Разумеется, Зикер говорил неправду. Будь у него такая возможность, Архимага бы давно уже не было. Увы. Возможности не было. Чем ближе к магу находится объект воздействия, тем трудней воздействовать на него при помощи нитей реальности. Выдрать же Архимага из реальности вовсе покуда еще было задачей, непредставимой даже для невероятных пальцев Тенгере. Ведь чем больше у мага сил, тем крепче он цепляется за реальность. Даже обычного мага удалить непросто, а уж самого господина Архимага…
— Но… как я могу оставить тебя в живых? — задумчиво пробормотал Архимаг.
— Это очень просто, — ехидно посоветовал Зикер. — Просто прекрати пытаться меня убить, и все.
— Разве что… ты сдашься, — выдавил Архимаг. — При всех станешь на колени. Я закую тебя в кандалы, и…

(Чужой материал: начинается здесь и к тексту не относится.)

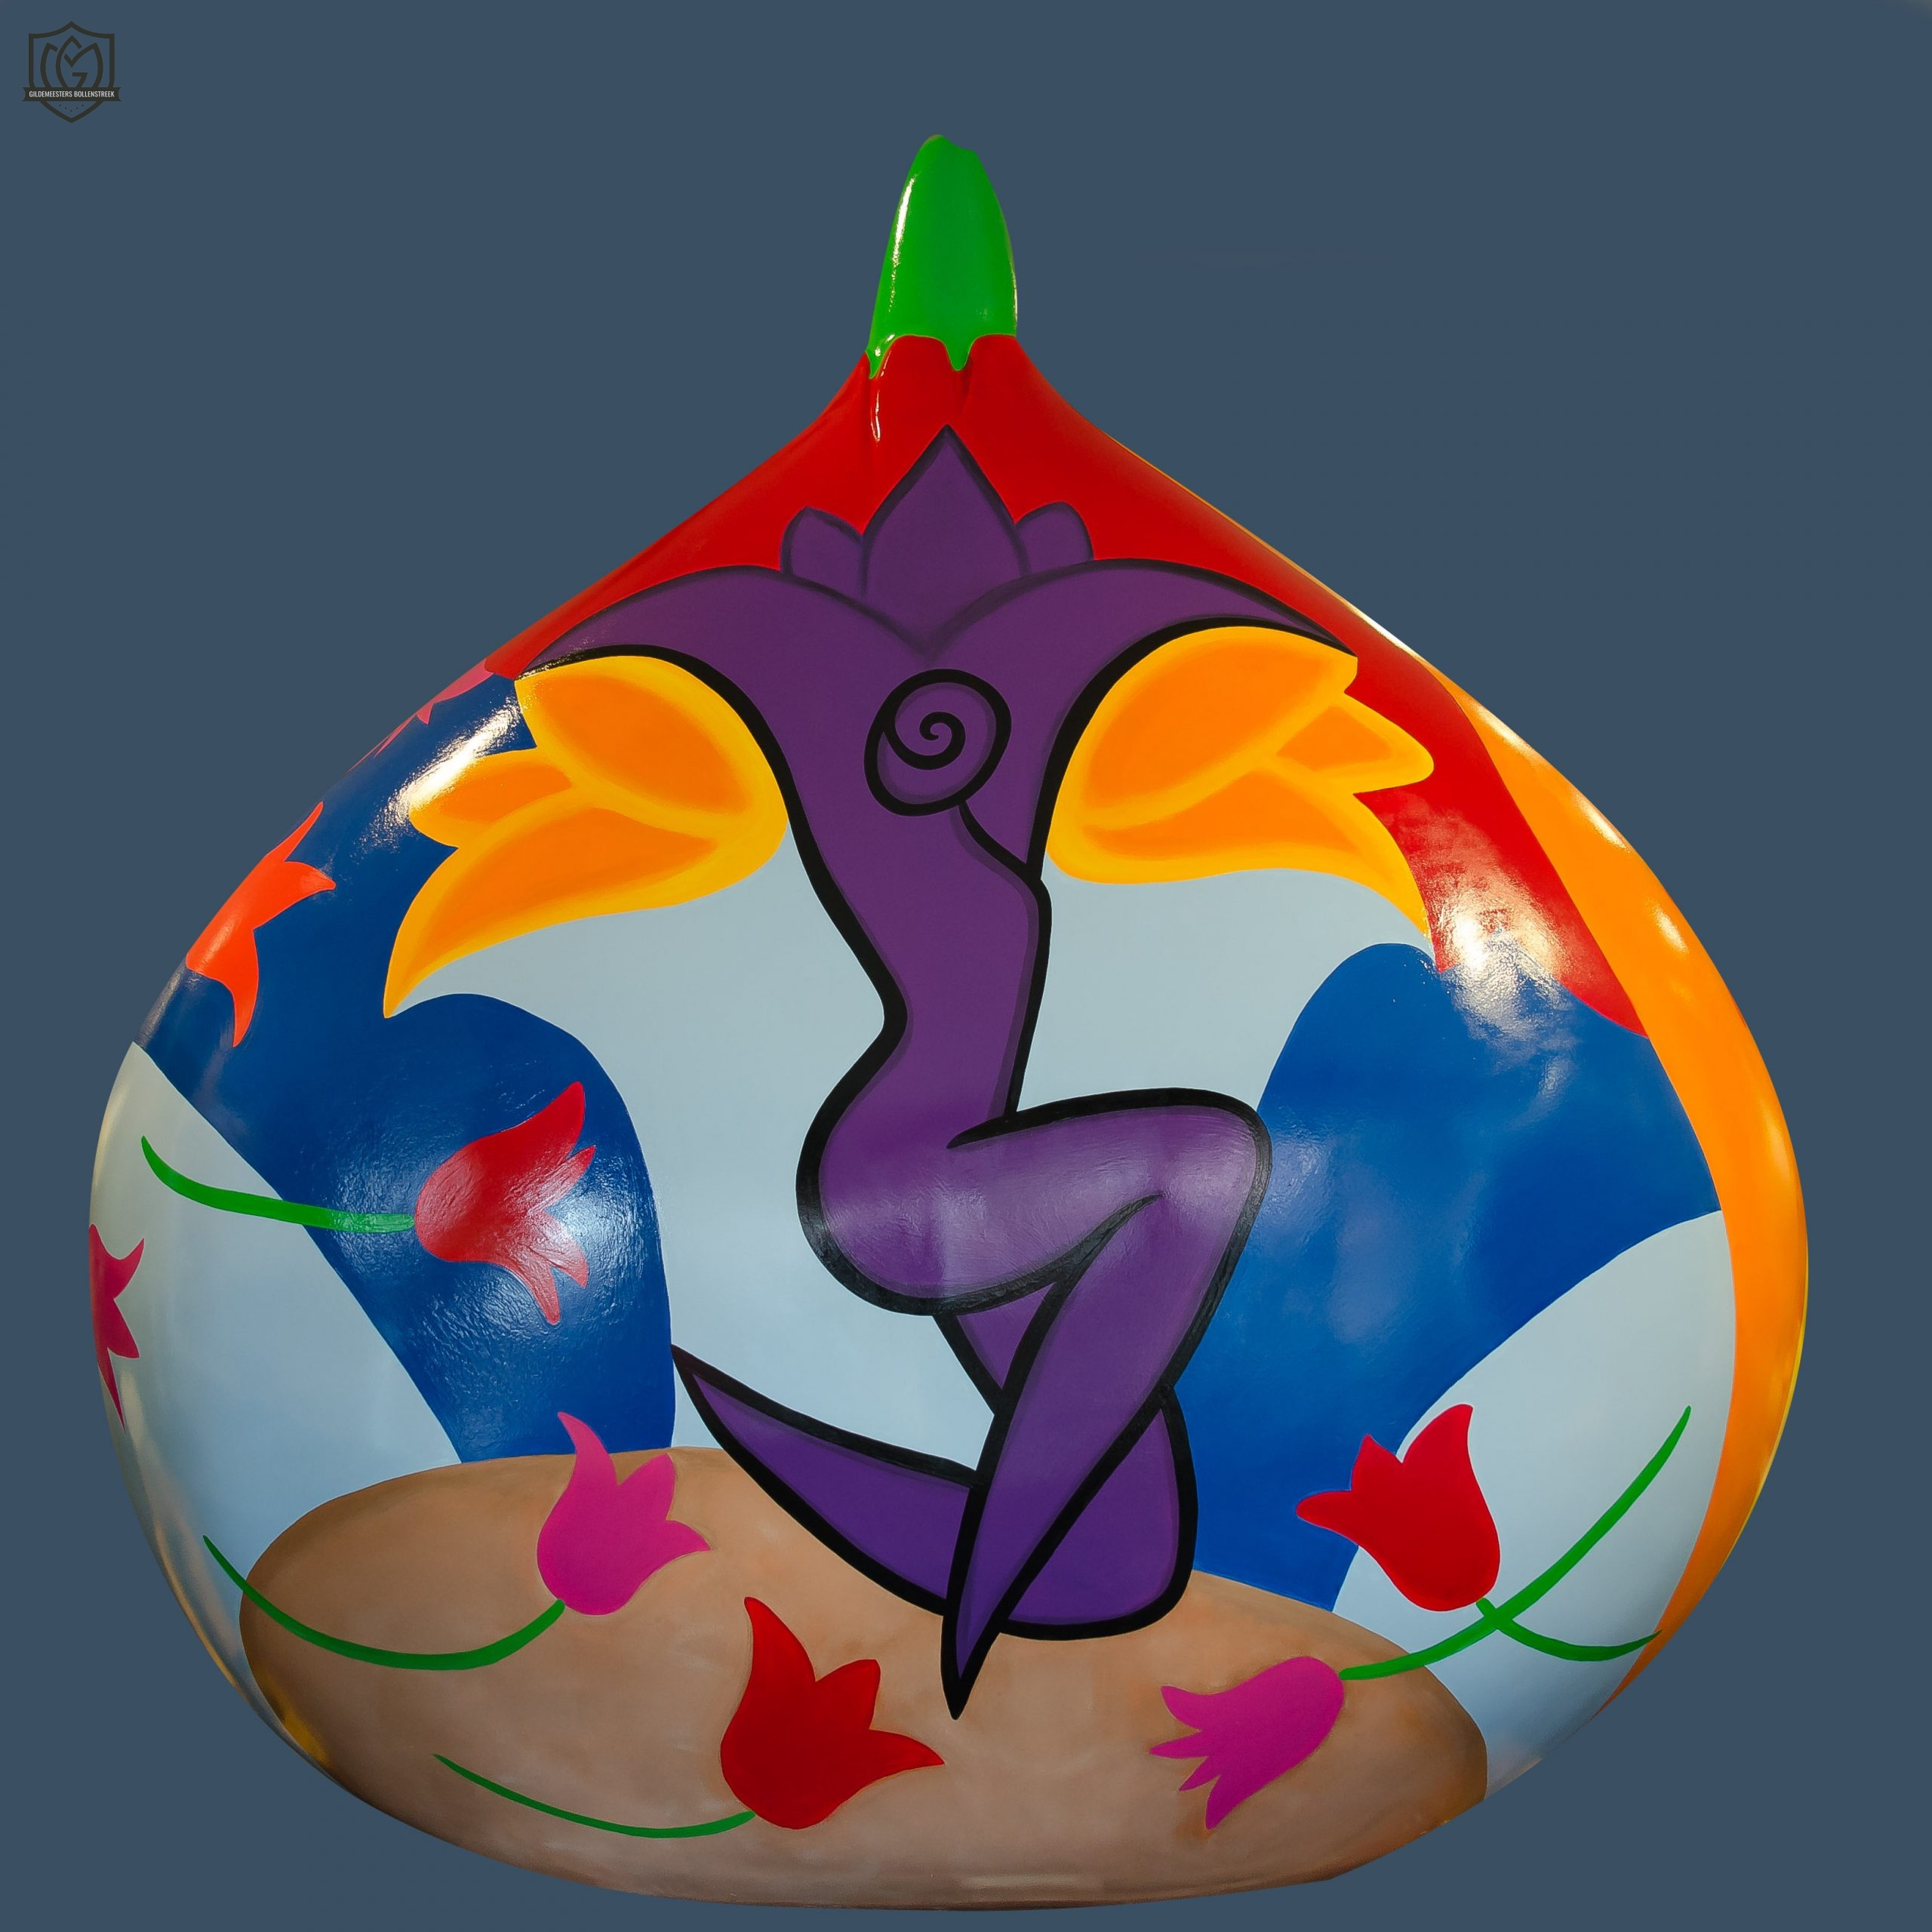 Reuzenbol 'spring spectucular' - donna corbani

— И думать забудь, — приказал Зикер. — У тебя нет времени на всю эту ерунду! Помни — три дня! И если все три дня я просижу в кандалах… боюсь, я ничем не смогу тебе помочь.
— Но… — Архимаг растерянно огляделся по сторонам. — Как я смогу править Орденом… побежденный…
— А кто сказал, что ты побежден?! — удивился Зикер. — Кто сказал, что вообще была какая-то битва?
— Но…
— Вот сюда, на площадь, прямо сейчас прикажи подать стол и кресла для нас с тобой, — тоном не терпящим возражений сказал Зикер. — Прикажи принести вино и легкие закуски. После чего мы с тобой садимся и мирно беседуем. А эти… пусть посмотрят. Уверяю тебя — они растеряются и призадумаются. Потом созови Малый Круг. Призови всех своих прихвостней. Секретную службу и прочих милых ребят. Всех этих талантливых молодых лизоблюдов. Кстати, что-то я ни одного из них не заметил, пока мы сражались. Неужели все на заданиях?
— Не все, — Архимаг помрачнел. Задумался.
— Даже не думай убивать и наказывать, — сказал Зикер. — Если тебе действительно хочется сохранить лицо и по-прежнему выглядеть могучим и хитроумным владыкой, то…
— То я должен слушаться тебя, конечно? — ехидно вопросил Архимаг.
— Догадлив, — хмыкнул Зикер. — Делаешь успехи. Разумеется, ты должен меня слушаться, а как же иначе? Так вот, когда соберется весь этот сброд, я позову Тенгере, и ты при всех сделаешь из него Старшего Магистра.
— Из него?! — непонятно, чего в голосе Архимага было больше — гнева или изумления — но и того и другого хватало с лихвой.
— И немедленно, — отрезал Зикер. — А потом позволишь ему жениться. Ты в курсе, что его избранница — Богиня?
При упоминании о Богине Архимаг заметно вздрогнул, непроизвольно хватаясь за совершенно конкретную часть собственного тела. Зикер усмехнулся.
— Вот! — обвиняюще воскликнул Архимаг. — Богиня! А еще ты у себя других Богов прятал! Светлых! Целых Двух… Демоны, как же… Черный Маг, прячущий у себя Светлых Богов это…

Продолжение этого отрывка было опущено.